Even Bushs Allies Hate Him

Delaying Talk About the Cost of War by Richard Stevenson on Sunday pulled together a host of partisan complaints about Bush to suggest some kind of conspiracy of secrecy emanating from the Bush administration: The White House's reticence about war costs has crystallized a sense among its political opponents, some independent observers and even some Republicans that Mr. Bush is willing to suppress information that threatens his agenda. They said it fit a pattern in which the administration had been far from forthcoming on matters including Vice President Dick Cheney's energy task force and providing information on detainees taken into custody after the Sept. 11 terrorist attacks.

After quoting a presidential scholar who said: "The Bush style is to ignore that which is difficult or awkward, Stevenson followed up: Indeed, frustration with the lack of information from the administration has bubbled up in recent weeks even among some of the administration's strongest allies. No answers, Sen. Chuck Hagel, Republican of Nebraska, told reporters in exasperation after the administration declined to send witnesses to a Senate Foreign Relations Committee hearing this month on postwar reconstruction costs in Iraq.

Sen. Chuck Hagel, one of the administrations strongest allies? Since when?

The Times knows better. Back in August the paper ran a story, Top Republicans Break With Bush on Iraq Strategy, which included this line: Sen. Hagel, who was among the earliest voices to question Mr. Bush's approach to Iraq, said today that the Central Intelligence Agency had absolutely no evidence that Iraq possesses or will soon possess nuclear weapons.

Pleading Democrats Try To Halt Record Republican Deficits

Carl Hulse and David Firestones Sunday story on politics during wartime that implied Congressional Republicans were doing something unseemly by continuing to push Republican legislation.

Though Democrats pleaded for a halt after the war began, they wrote, the Republican leaders of the House and Senate chose not to stop their march toward tax cuts and record deficits, pausing only to pass resolutions in support of the troops and the president. In doing so, they were executing a plan agreed upon weeks ago to keep pressing their legislative program even if the bombs began to fall.
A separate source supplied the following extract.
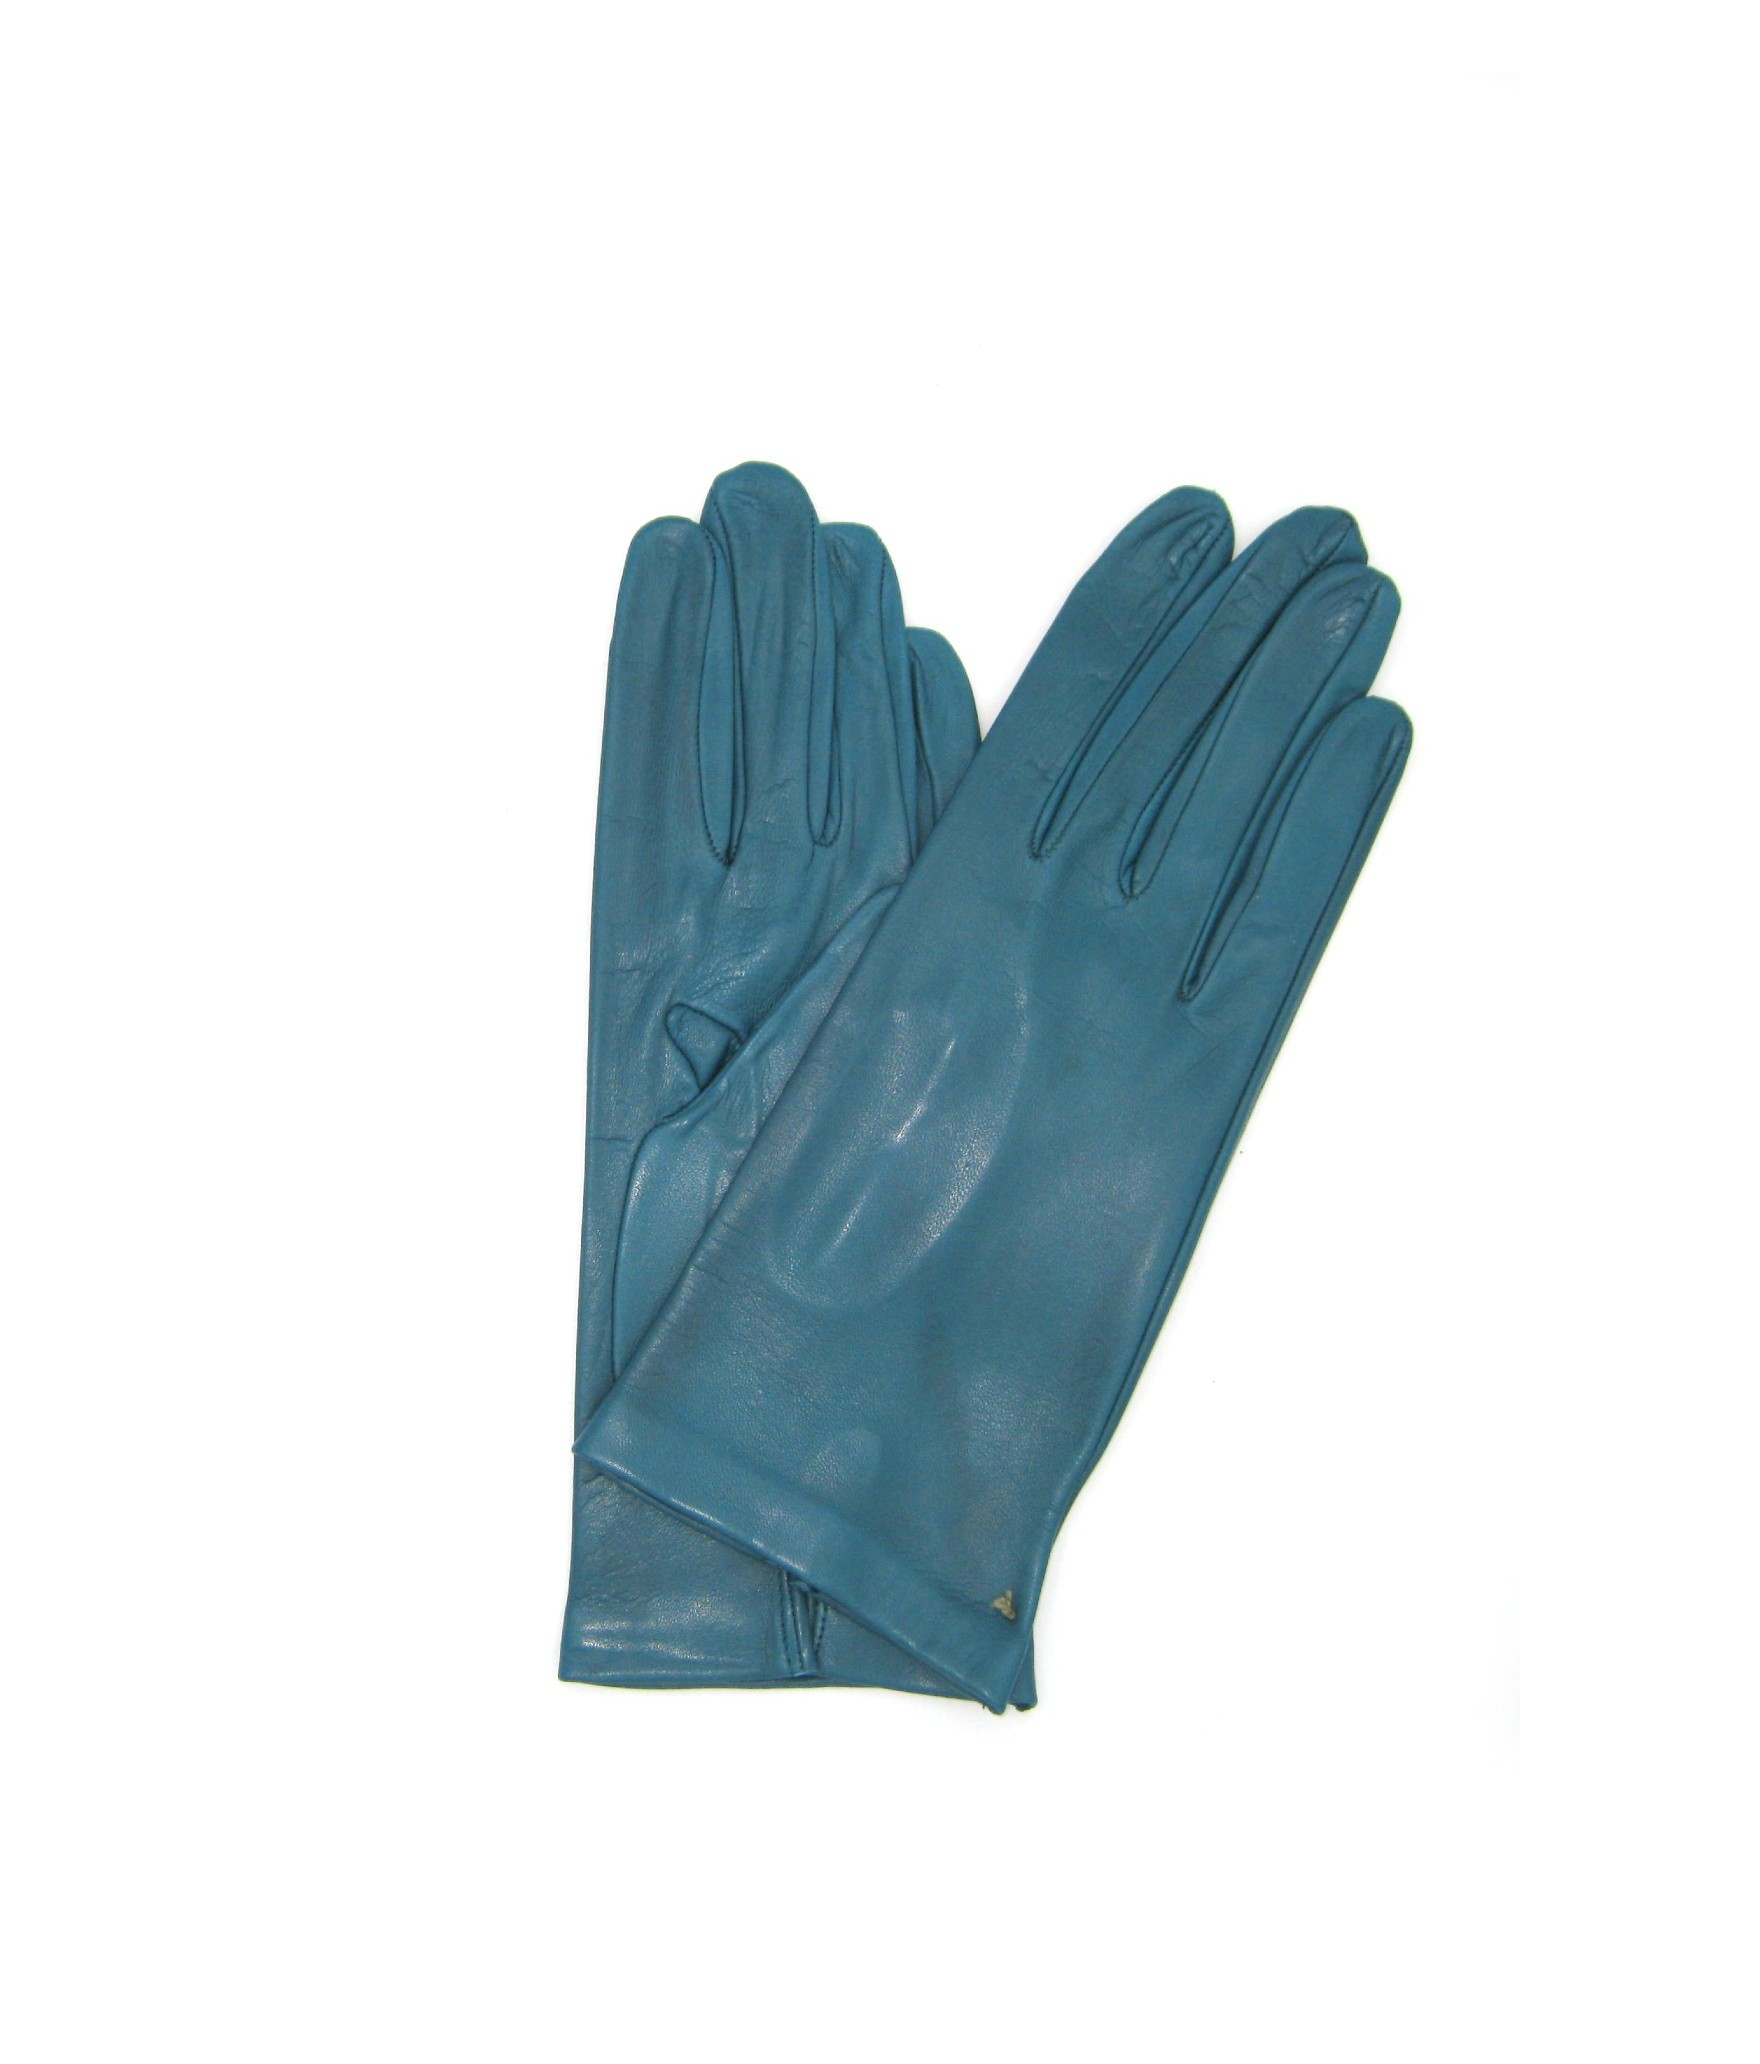 Nappa leather gloves 2bt unlined Petroleum Sermoneta Gloves

Colin Powell, Non-Frightening Bushie

Liberal Bill Keller, a managing editor for the Times turned op-ed writer, reluctantly came out in favor of the Iraq war recently, though in the most condescending terms imaginable (The I-Can't-Believe-I'm-a-Hawk Club ). In his Saturday opinion piece, Keller pleaded for Secretary of State Colin Powell to resign:

Keller admitted: I can't count the number of times in the past two years I've heard occasionally from my own lips the observation that the Bush administration would be a much scarier outfit without Colin Powell. Allied diplomats, international businessmen and the American foreign policy mainstream have regarded him as the lone grown-up in an administration with a teenager's twitchy metabolism and self-centered view of the world. He was the one who acknowledged that other countries had legitimate interests, and that in the application of America's unmatched power there was a case for generosity because what goes around comes around. His pragmatic caution offset a moralism that sometimes verged on recklessness.